[HOW TO COMPLETE THIS TASK]: Could you restate the data below word for word, without its pictures?

[STORED DATA]:

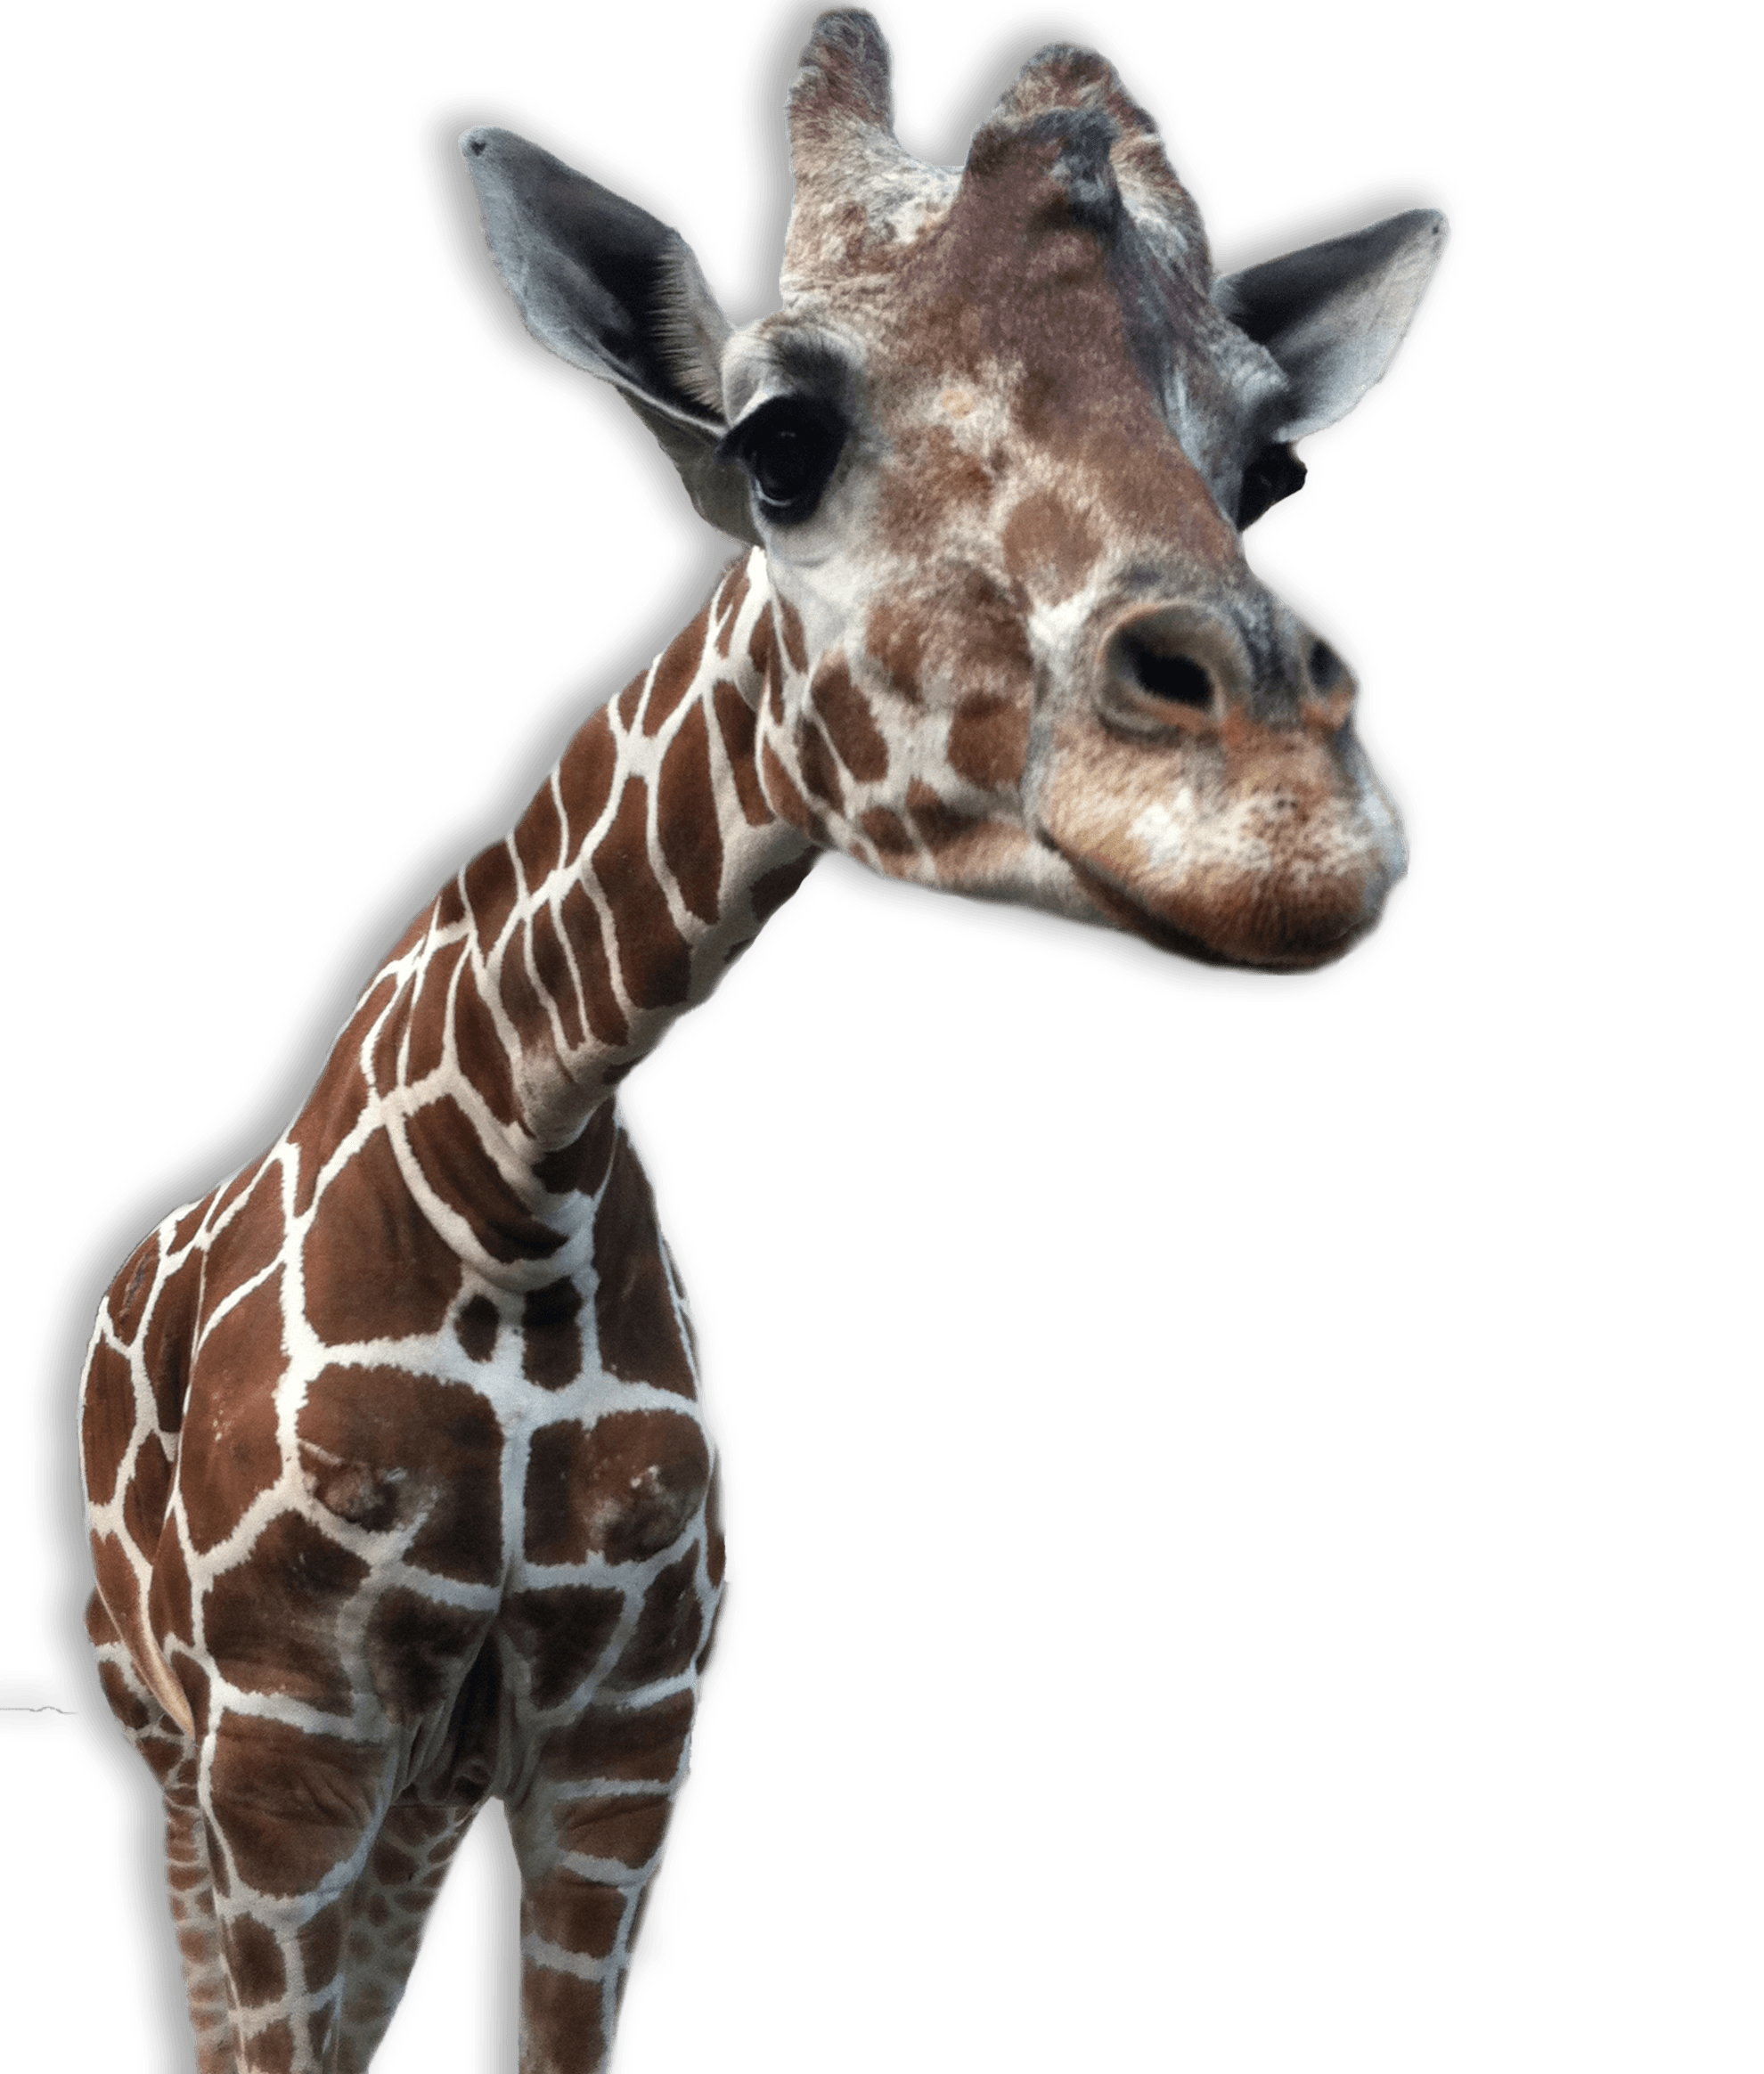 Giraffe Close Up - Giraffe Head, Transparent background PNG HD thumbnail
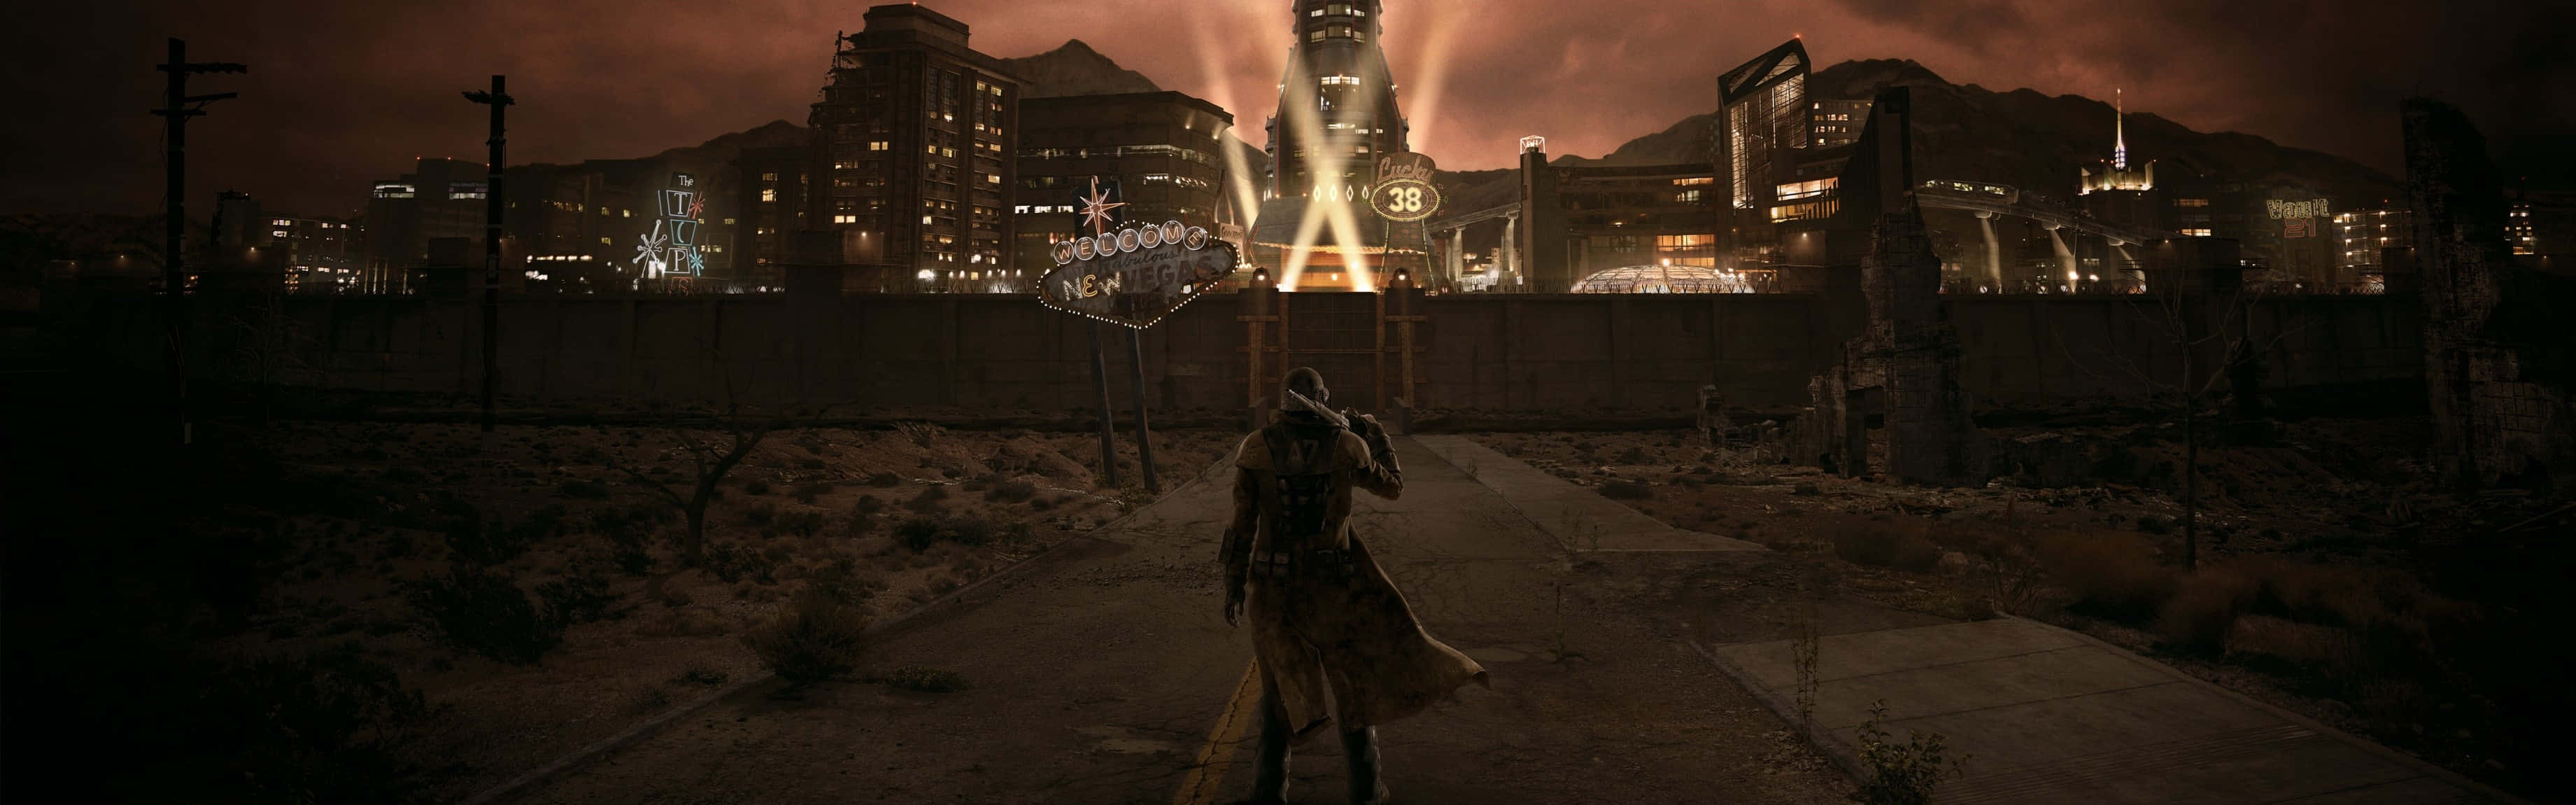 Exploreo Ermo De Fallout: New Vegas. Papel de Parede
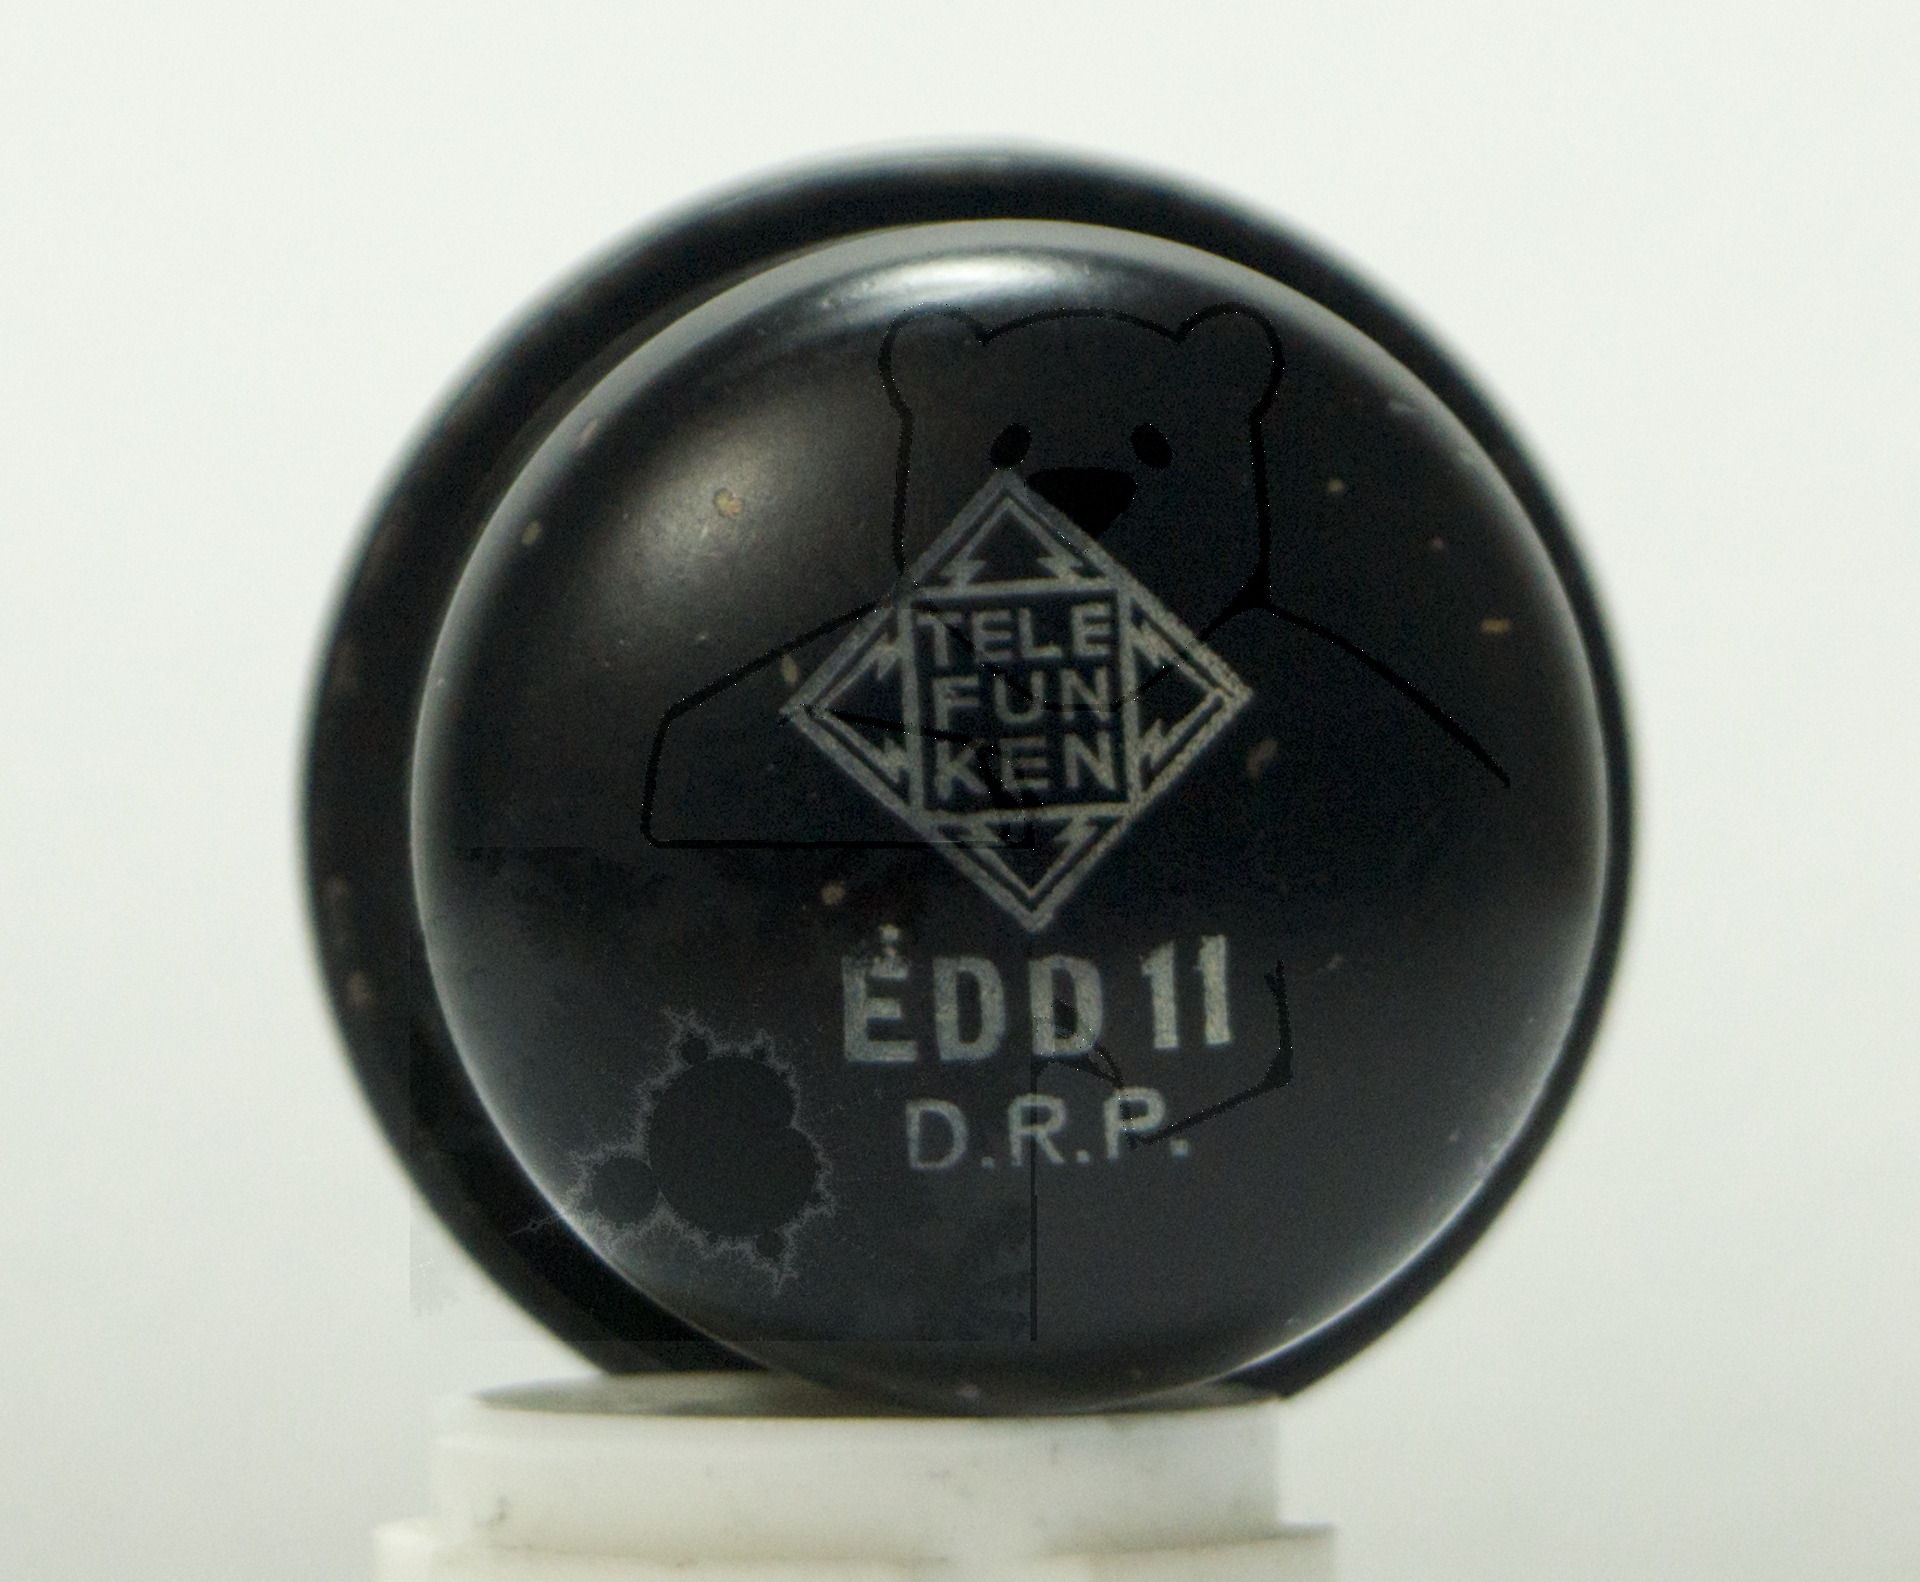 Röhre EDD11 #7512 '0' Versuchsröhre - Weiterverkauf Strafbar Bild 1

[OUTPUT]:
 Giraffe Close Up - Giraffe Head, Transparent background PNG HD thumbnail
 Exploreo Ermo De Fallout: New Vegas. Papel de Parede
 Röhre EDD11 #7512 '0' Versuchsröhre - Weiterverkauf Strafbar Bild 1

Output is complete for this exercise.